▶ [Assignment] From the first line to the last, print the material exactly, skipping the pictures.

▶ [Dataset content]
· · · ·
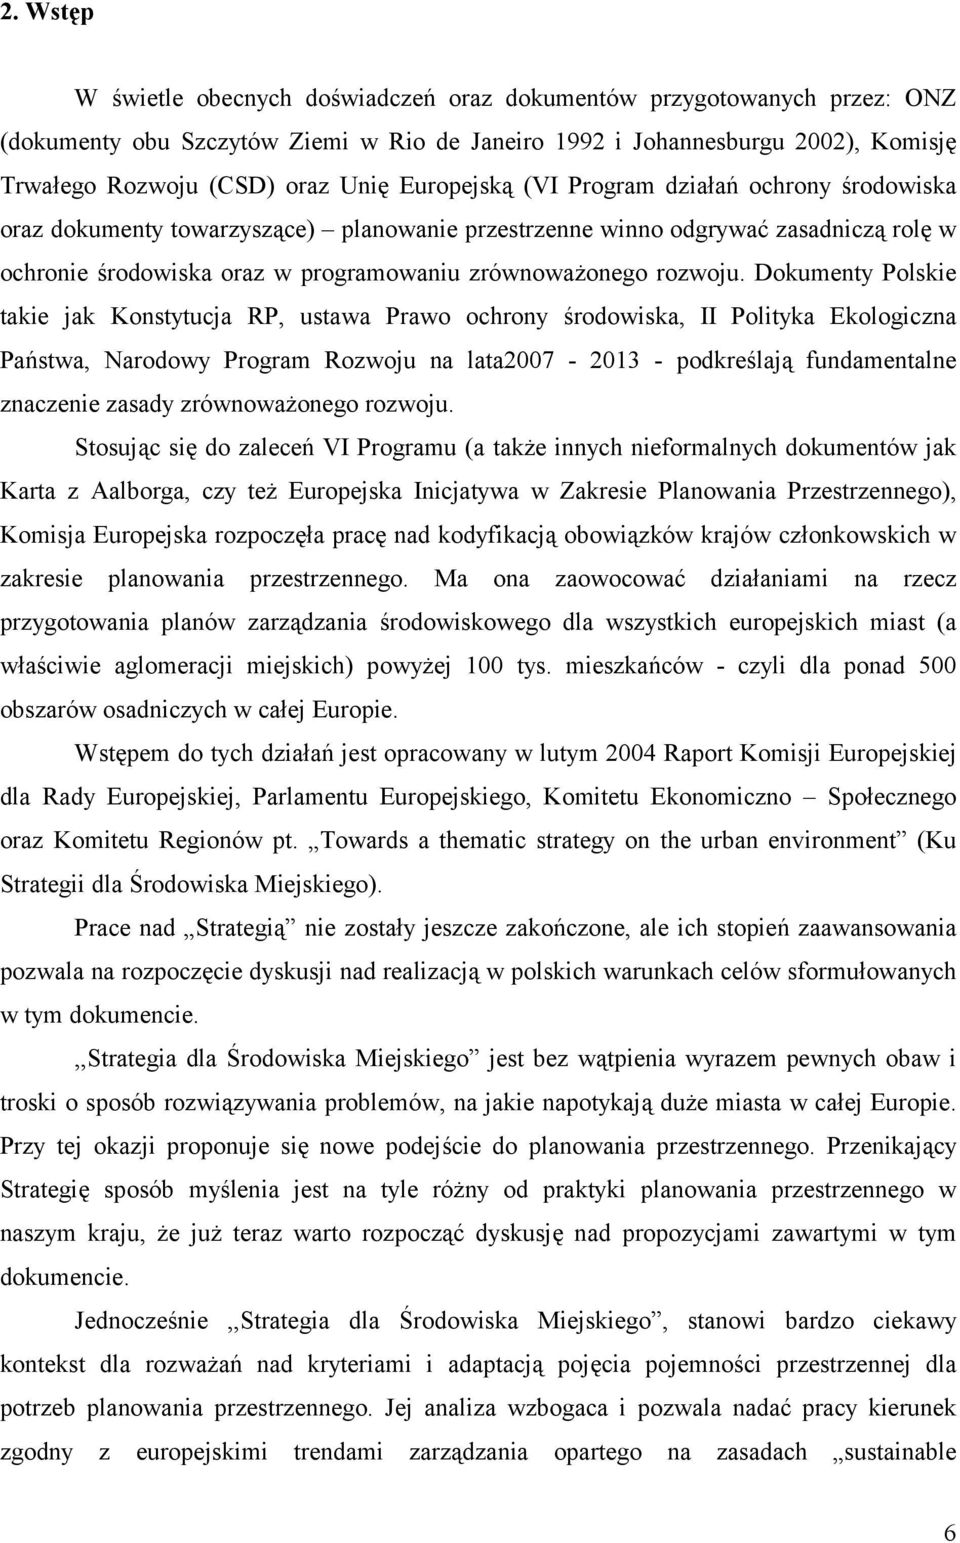 Dokumenty Polskie takie jak Konstytucja RP, ustawa Prawo ochrony środowiska, II Polityka Ekologiczna Państwa, Narodowy Program Rozwoju na lata2007-2013 - podkreślają fundamentalne znaczenie zasady
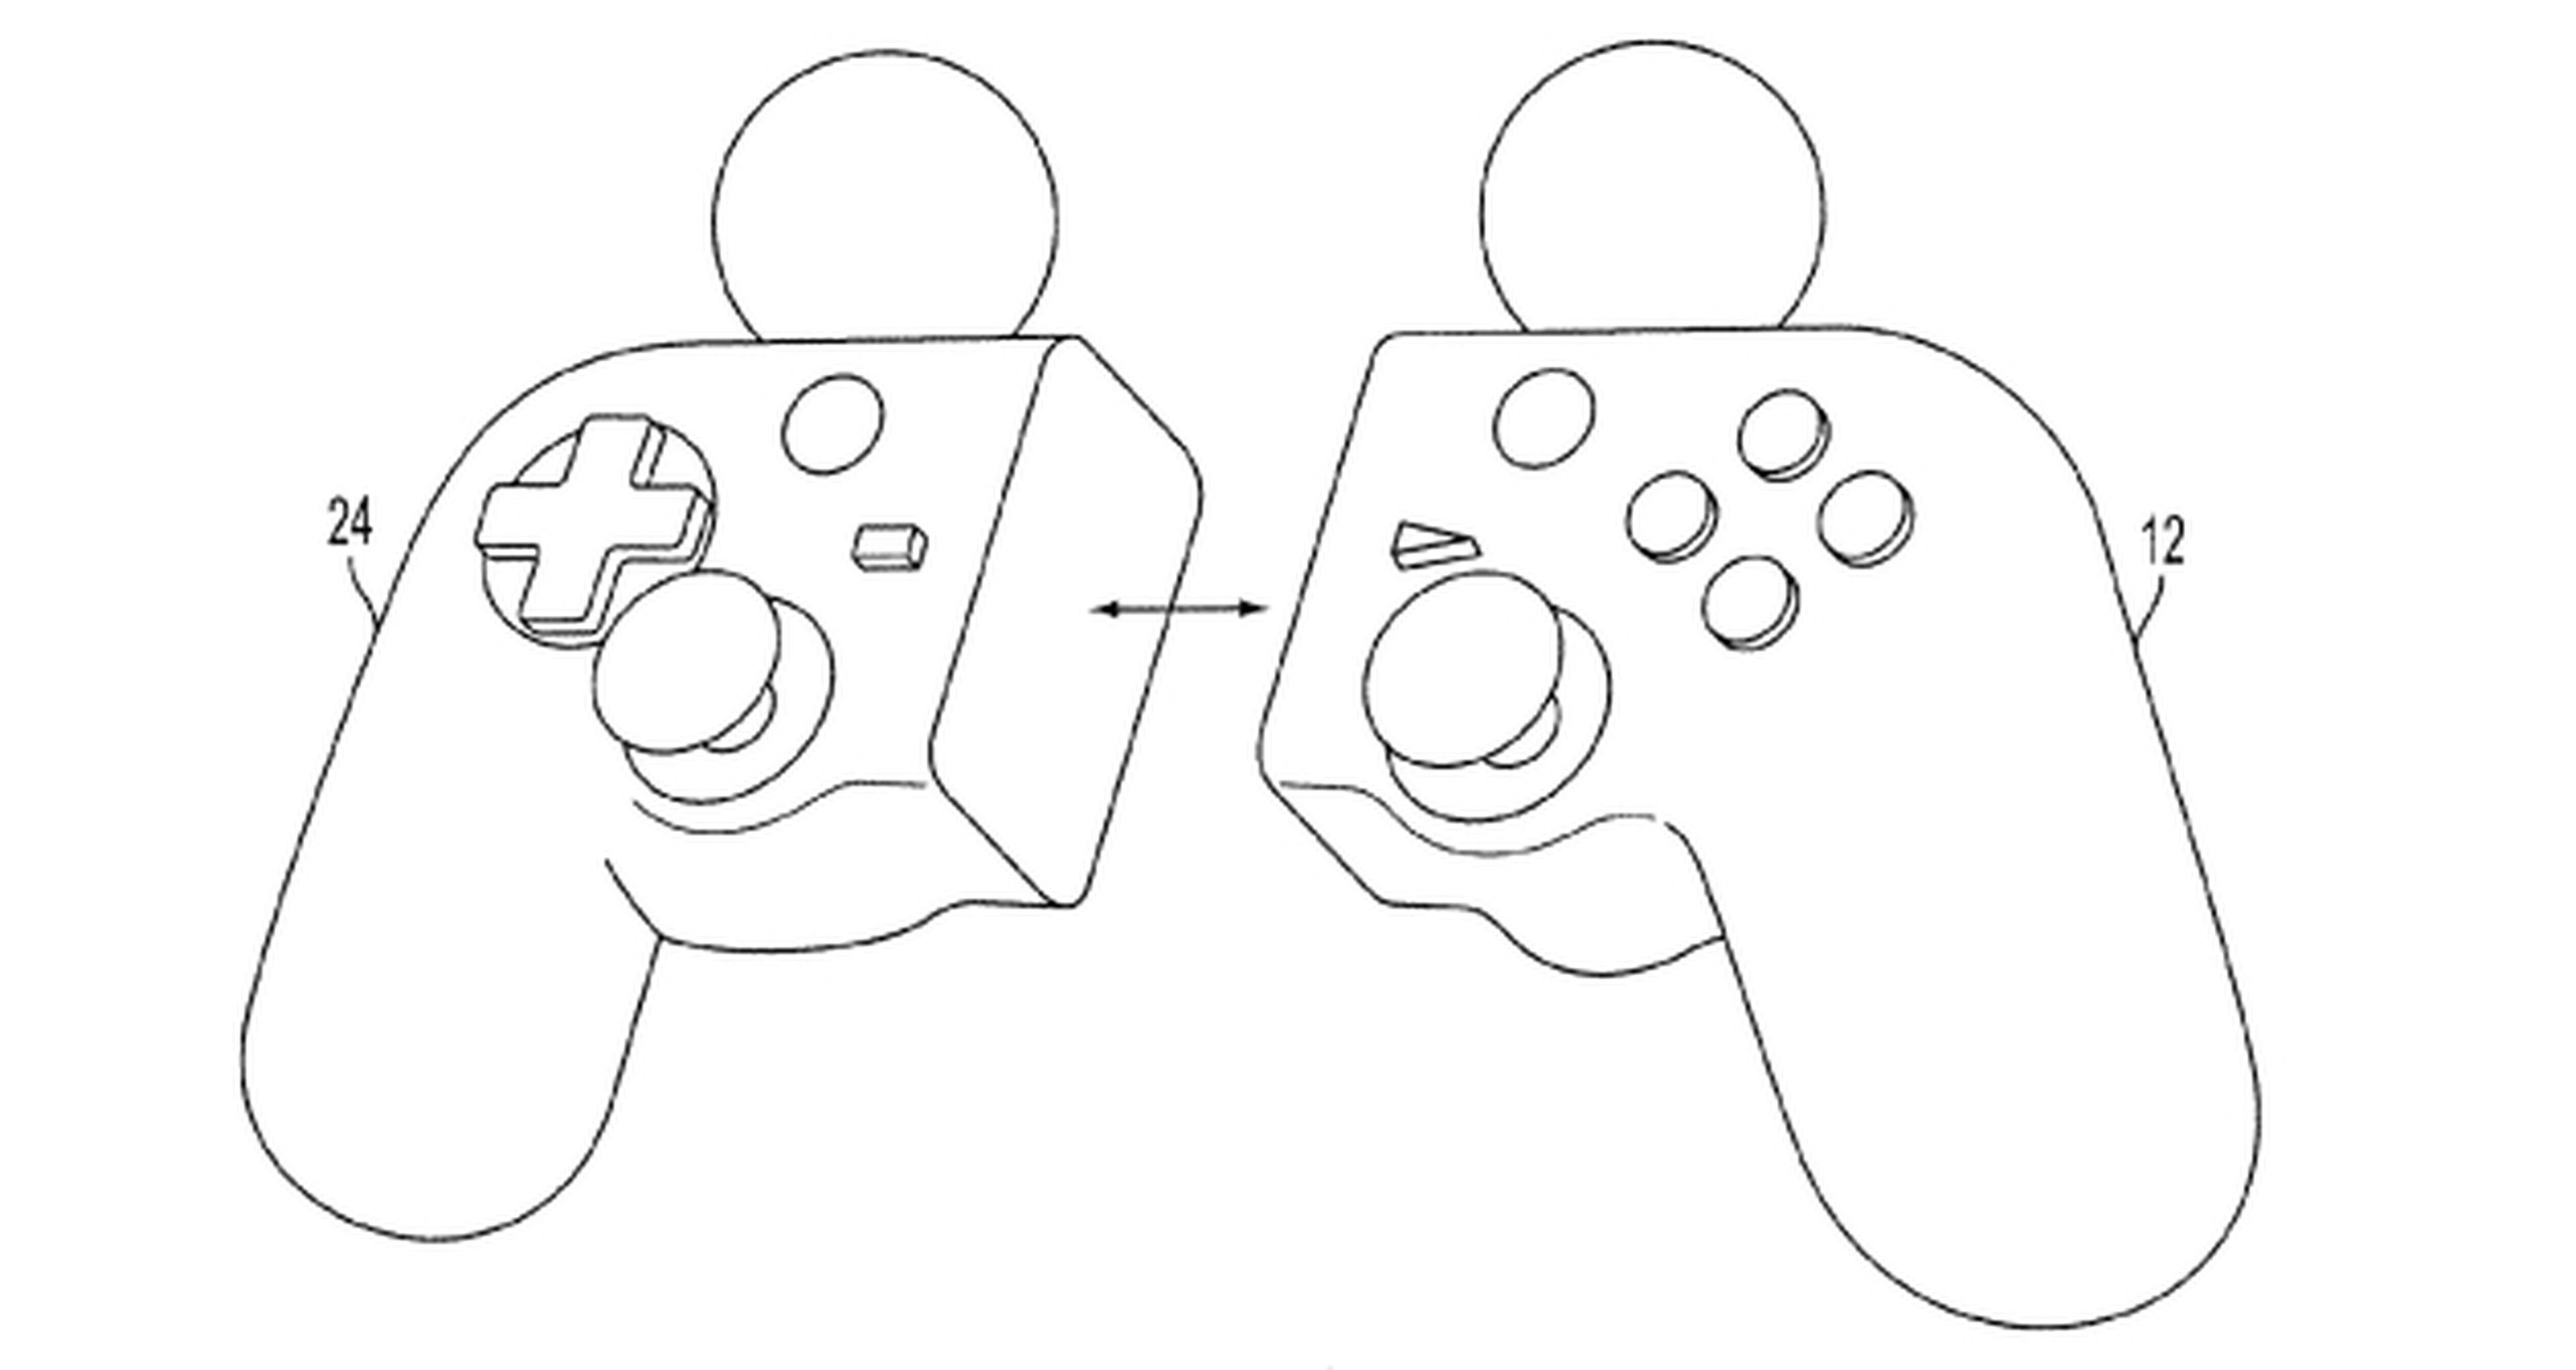 Sony patenta un mando híbrido 'Dual Move'
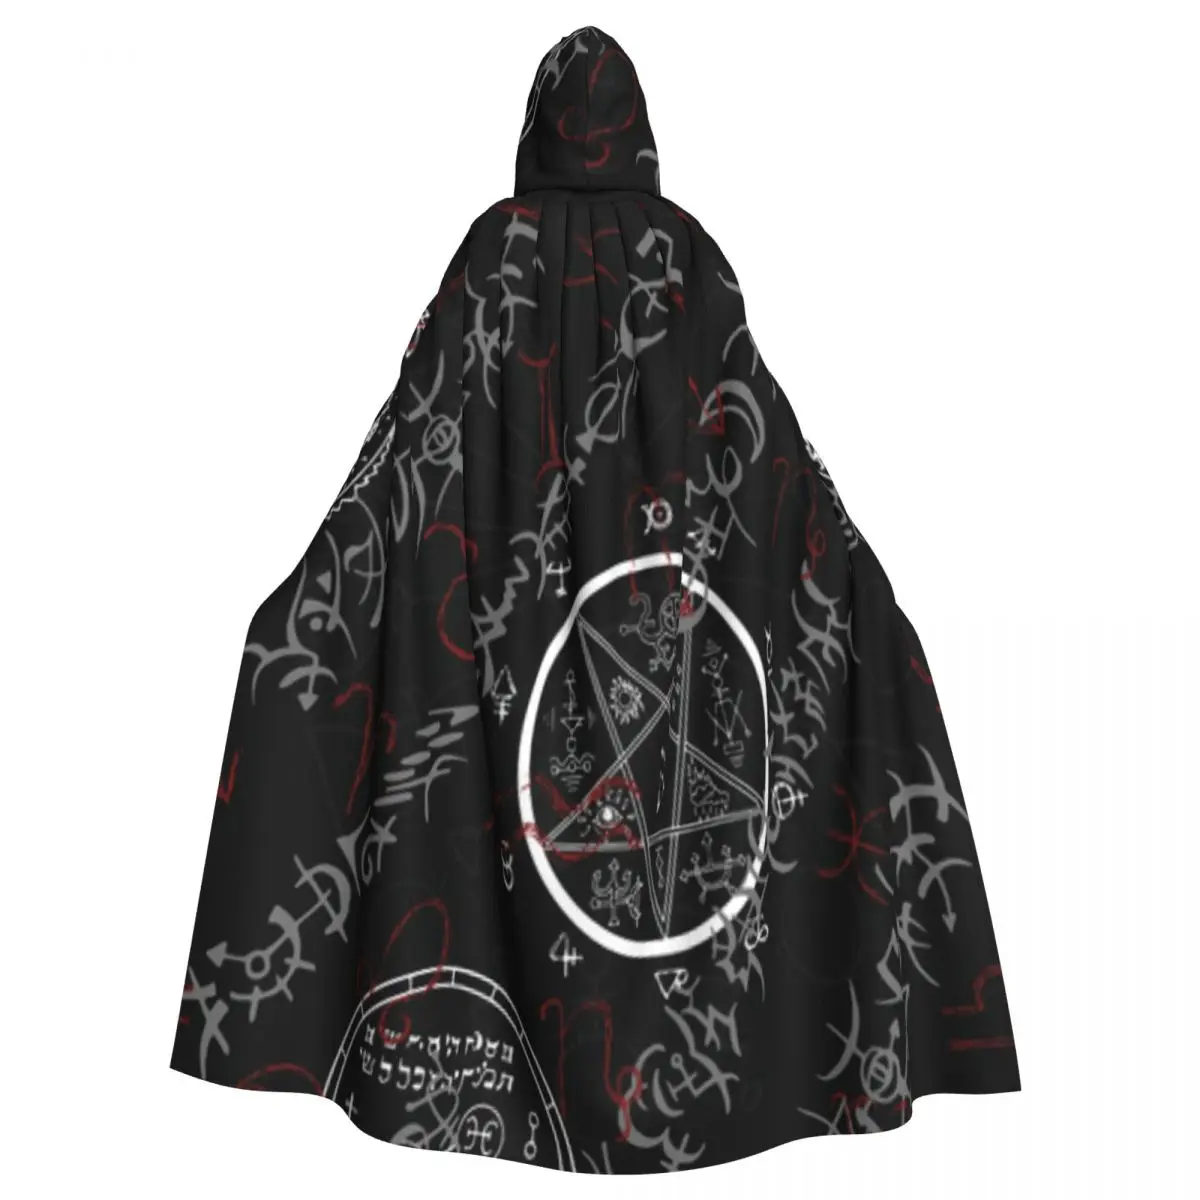 

Long Cape Cloak Mystic Zodiac Occult Symbols Hooded Cloak Coat Autumn Hoodies
· · · ·
▶ [Exercise result]
 Dokumenty Polskie takie jak Konstytucja RP, ustawa Prawo ochrony środowiska, II Polityka Ekologiczna Państwa, Narodowy Program Rozwoju na lata2007-2013 - podkreślają fundamentalne znaczenie zasady
 Sony patenta un mando híbrido 'Dual Move'

Long Cape Cloak Mystic Zodiac Occult Symbols Hooded Cloak Coat Autumn Hoodies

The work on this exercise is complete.